Derelict Vessels Act has boat owners scrambling to register boats with DMV

A law that went into effect on January 1 of this year has had boat owners across the state scrambling to get their vessels registered with the Department of Motor Vehicles. SB92, also known as the Derelict Vessels Act, requires all boats, barges, sport fishing guide boats, and tenders over 24 feet in length to be registered with the Alaska DMV, unless specifically exempted. This includes boats registered with the Coast Guard, as well as those registered with the Commercial Fishing Entry Commission.

Fishing boats moored in Kodiak. ( Photo by James Brooks/Flickr)

Undocumented vessels, meaning those that aren’t registered with the Coast Guard, were already required to be registered with the State of Alaska. SB 92 adds that registration requirement for documented vessels as well. On top of that, undocumented vessels are also now required to be titled through the DMV.

Registration costs $24 for both documented and undocumented vessels, and stays valid for three years.

Kodiak Harbor Master Derrik Magnuson says having a clear paper trail of titles and registrations filed with the state of Alaska will help to keep boat-owners accountable for their vessels. “One of the big problems we’ve always discussed was a boat shows up on the beach on city property somewhere, whether it’s Kodiak or Juneau or Ketchikan. And it’s almost next to impossible to find out who the current owner is.”

SB92 was proposed as a way to address the growing number of derelict vessels in Alaska’s harbors. State Senator Peter Micchiche of Soldotna, who sponsored the bill, says that harbormasters from all over the state came to him in support of the bill. But even though it’s technically been in place since the beginning of this year, it’s run into speed bumps in the implementation.

“I think the bill is important, I think it’s good legislation,” says Micchiche. “But I think the roll-out has been, less than stellar, let’s put it that way.”

In large part, he says, that’s because the outreach and awareness efforts to tell vessel owners about the changes weren’t sufficient.

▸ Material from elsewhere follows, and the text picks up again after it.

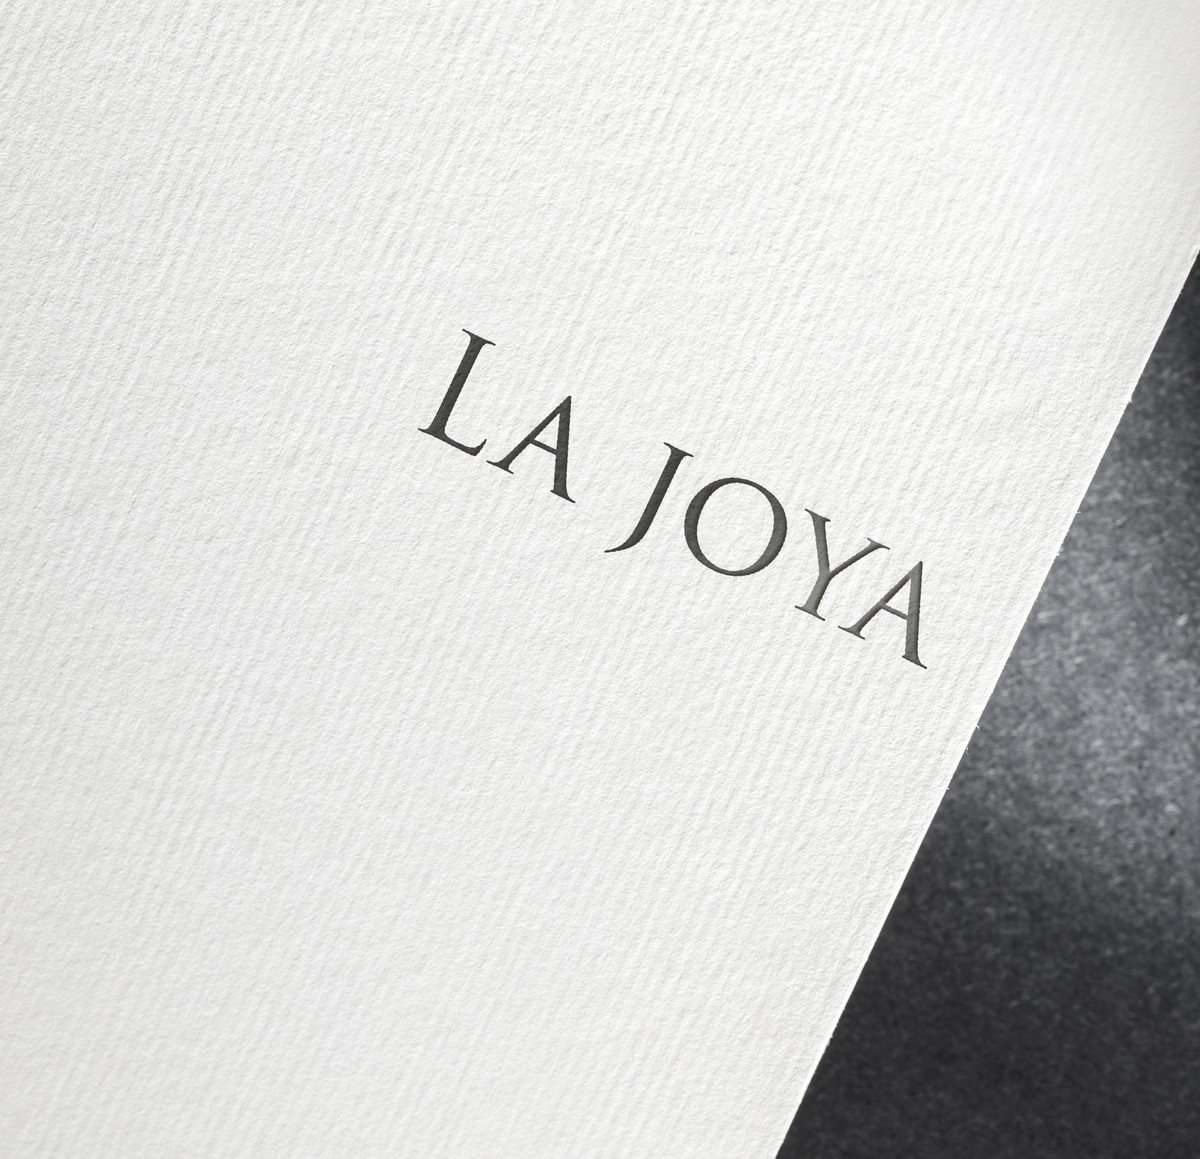 LOGO Design in | ..lajoya.ku
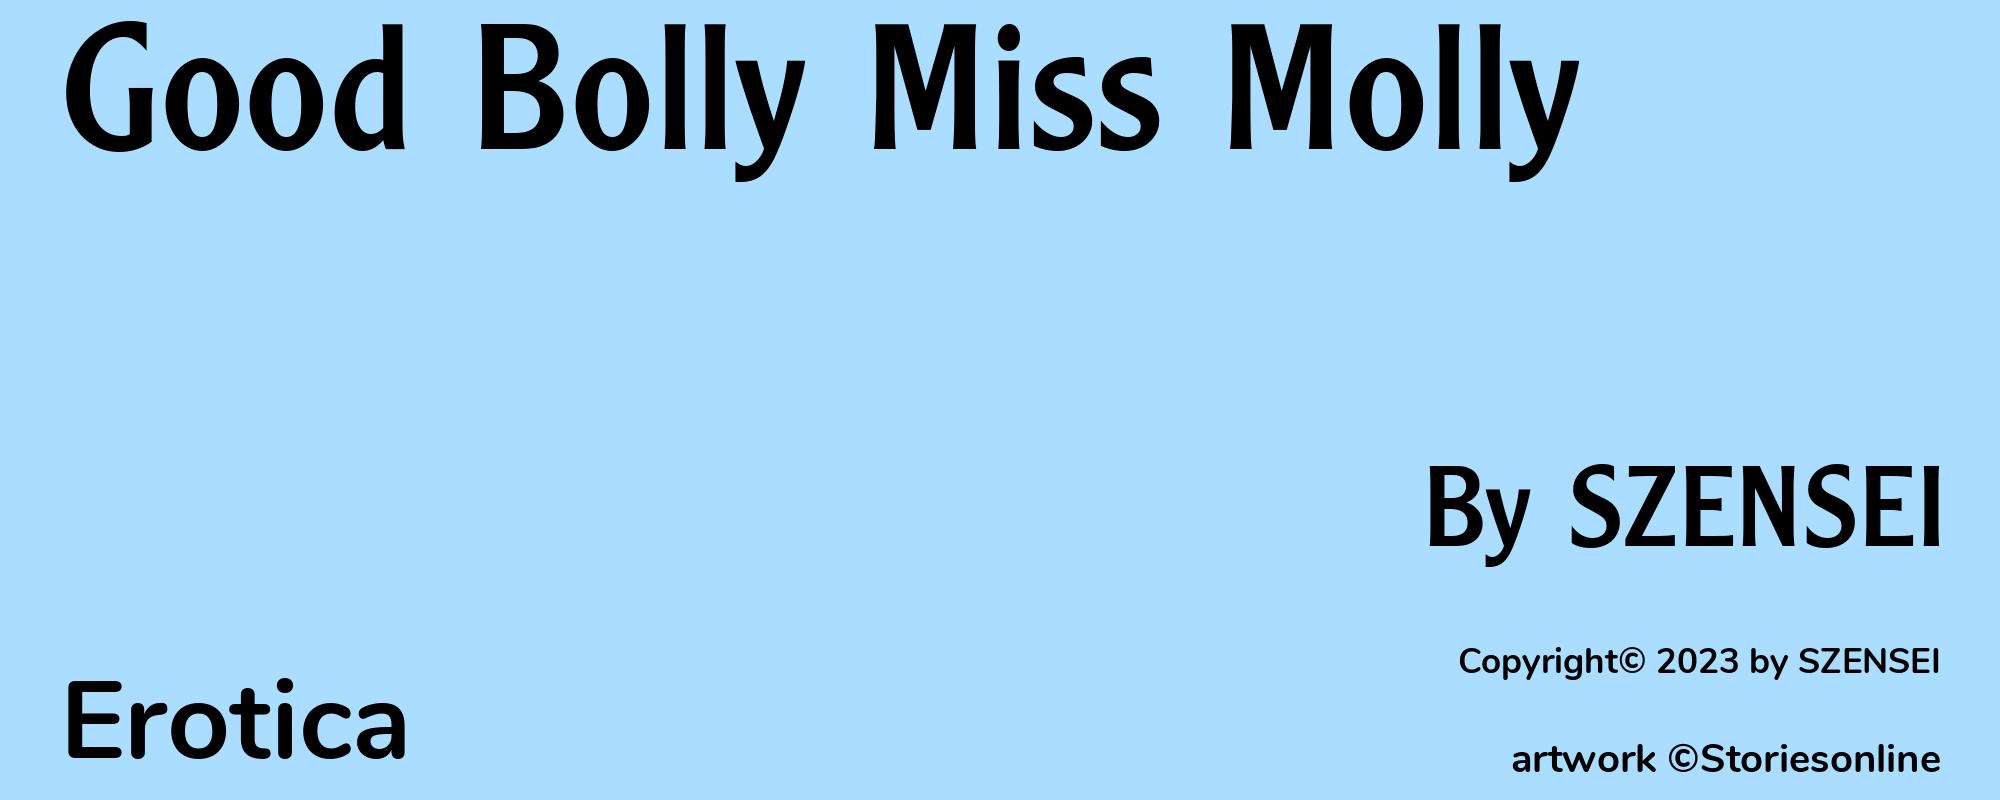 Good Bolly Miss Molly - Cover

The roll-out has also received criticism from groups like United Fishermen of Alaska, who sent a letter last month to the Dunleavy administration asking that implementation of the law be delayed. UFA argued that the state’s boat-owners weren’t given enough time to comply, nor were they even really made aware of the new law after it had gone into effect. The letter also cited DMV offices being closed in places, and offices running out of the right forms or sticker decals adding to the confusion.

Marla Thompson, director of the DMV for the state, says that they had to create new processes to accomodate the regulations, and that the bulk of the challenge comes with educating the public. “I think we might have struggled a little bit in the first few days of when we were getting more people coming in, that we weren’t maybe expecting,” Thompson said over the phone. “It’s just a new process and we had provided training for everyone before the season, because we had to change the way our system worked to do the titling.”

The Dunleavy administration declined UFA’s request to delay roll-out until June 2020, but in an emailed response to the organization on Wednesday, Department of Administration Commissioner Kelly Tshibaka said law enforcement officers would exercise discretion with vessel owners out of compliance in the near-term, generally issuing warnings instead of a more serious penalty.